The perfectly preserved remains of an Ice Age cave bear have been discovered in the Russian Arctic — the first example of the species ever to be found with soft tissues intact.
The astonishing find was made by reindeer herders on the Lyakhovsky Islands, which are part of the New Siberian islands archipelago in Russia’s Far North.
The bear could be as much as 39,500 years old.
Prior to this, only the bones of cave bears had been unearthed, but this specimen even had its nose intact, according to a team of scientists from the North-Eastern Federal University (NEFU) in Yakutsk, Siberia.
The discovery is of “world importance,” a leading Russian expert on extinct Ice Age species said.
In a statement released by the university, scientist Lena Grigorieva said: “Today this is the first and only find of its kind — a whole bear carcass with soft tissues. It is completely preserved, with all internal organs in place including even its nose.
“Previously, only skulls and bones were found. This find is of great importance for the whole world.”
The adult animal was found by a group of reindeer herders, who then transferred the right to research the specimen to the NEFU, which is at the forefront of research into extinct woolly mammoths and rhinos.
According to the team, the cave bear (Ursus spelaeus) is a prehistoric species or sub-species that lived in Eurasia in the Middle and Late Pleistocene period and became extinct some 15,000 years ago.
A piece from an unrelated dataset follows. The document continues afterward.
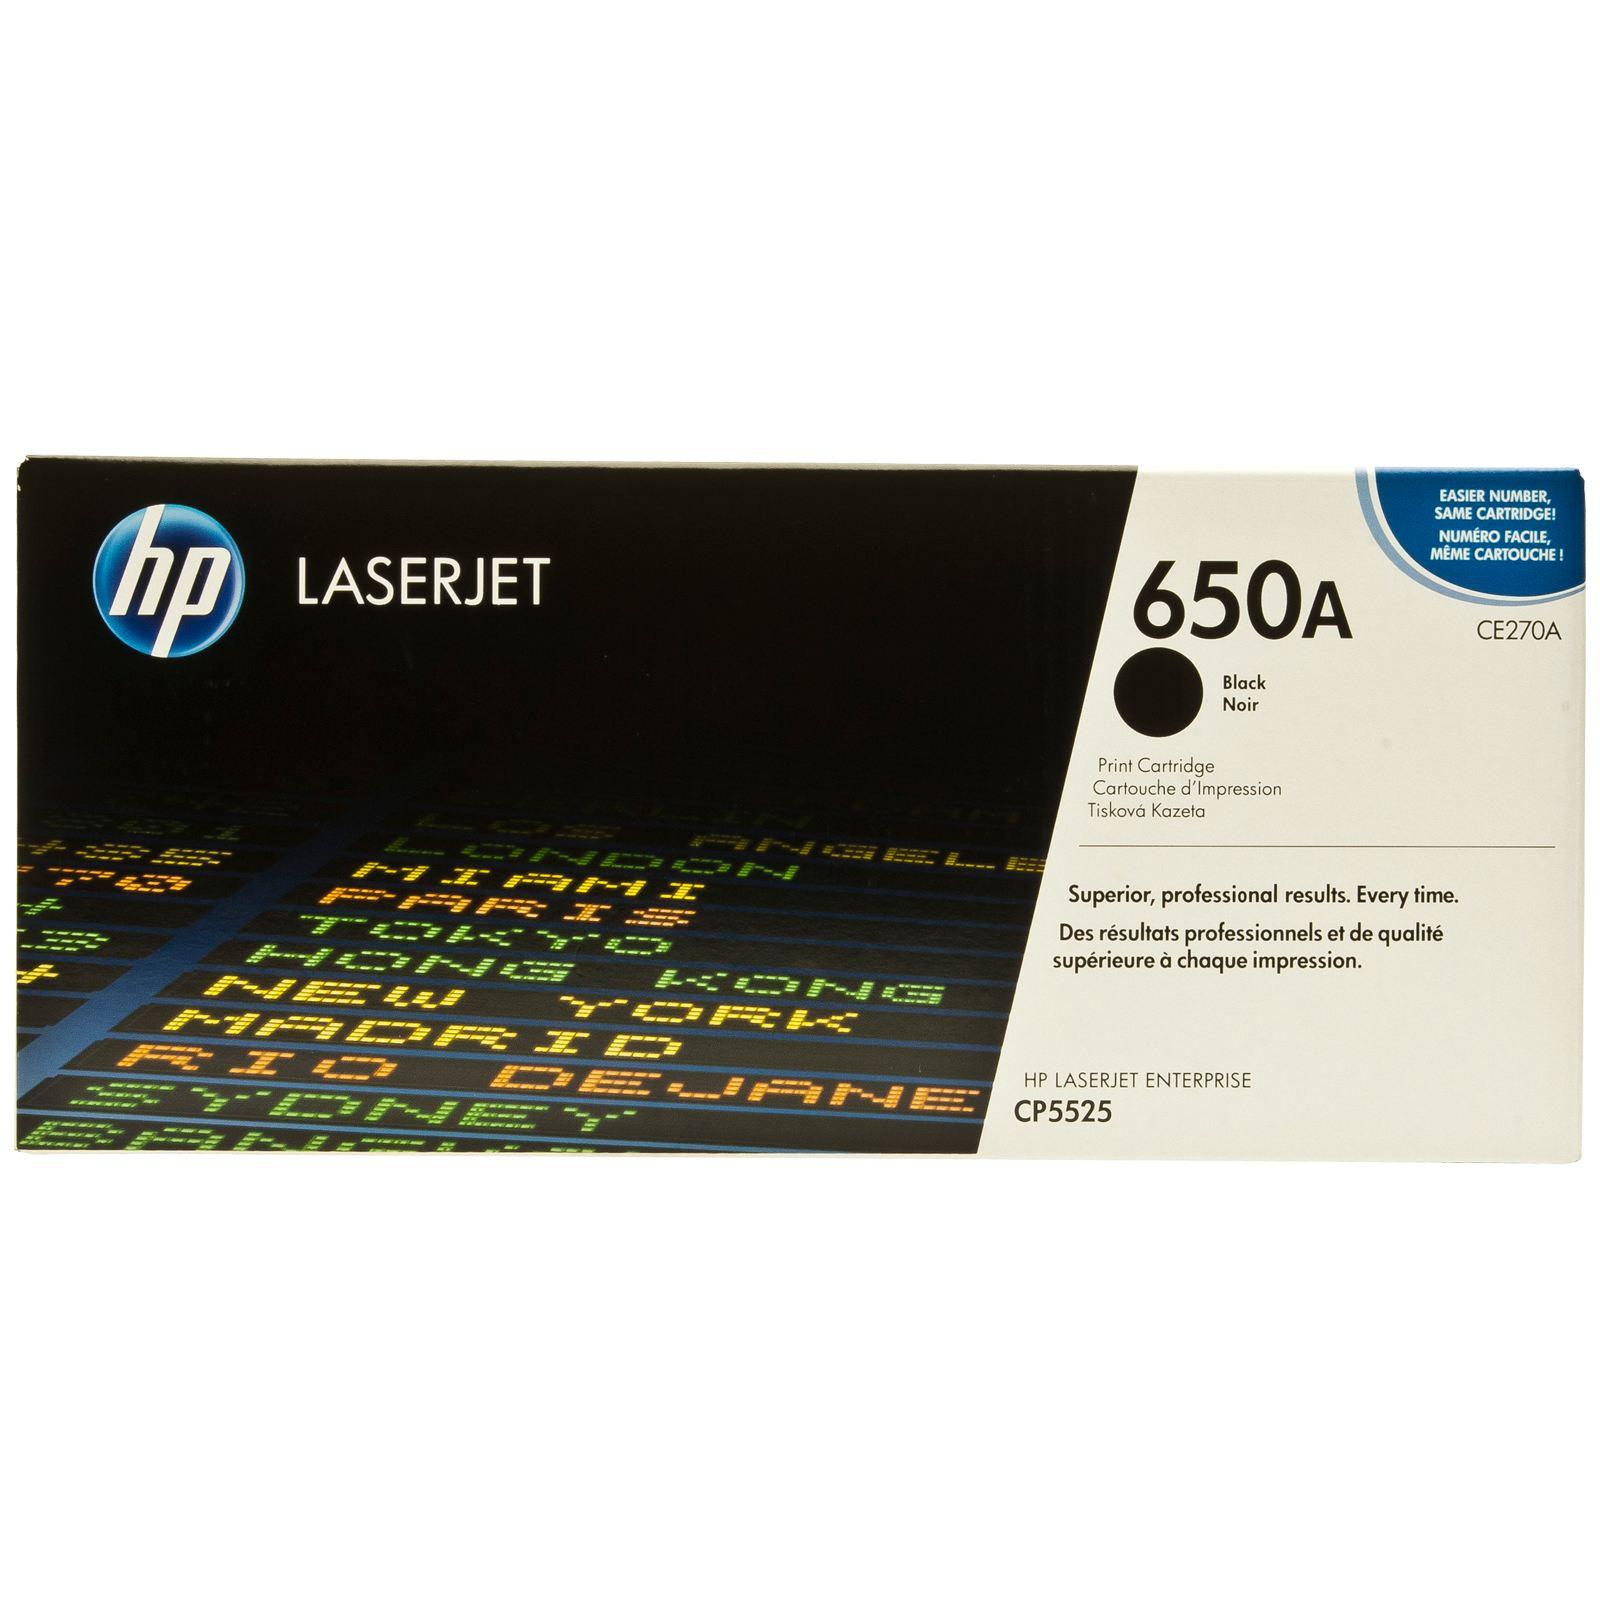 Заправка картриджа CE270A для HP Color LaserJet Enterprise CP5525

Preliminary analysis suggests the bear is between 22,000 and 39,500 years old.
Maxim Cheprasov, senior researcher from the Mammoth Museum laboratory in Yakutsk, said in the statement: “It is necessary to carry out radiocarbon analysis to determine the precise age of the bear.”
Scientists have not yet been able to visit the site of the discovery — the ancient carcass was found a long way from Yakutsk, which itself is more than 5,000 miles from Moscow.
Significant discoveries, including mammoths, woolly rhinos, Ice Age foal, several puppies and cave lion cubs, have been made in Siberia in recent years as the permafrost melts.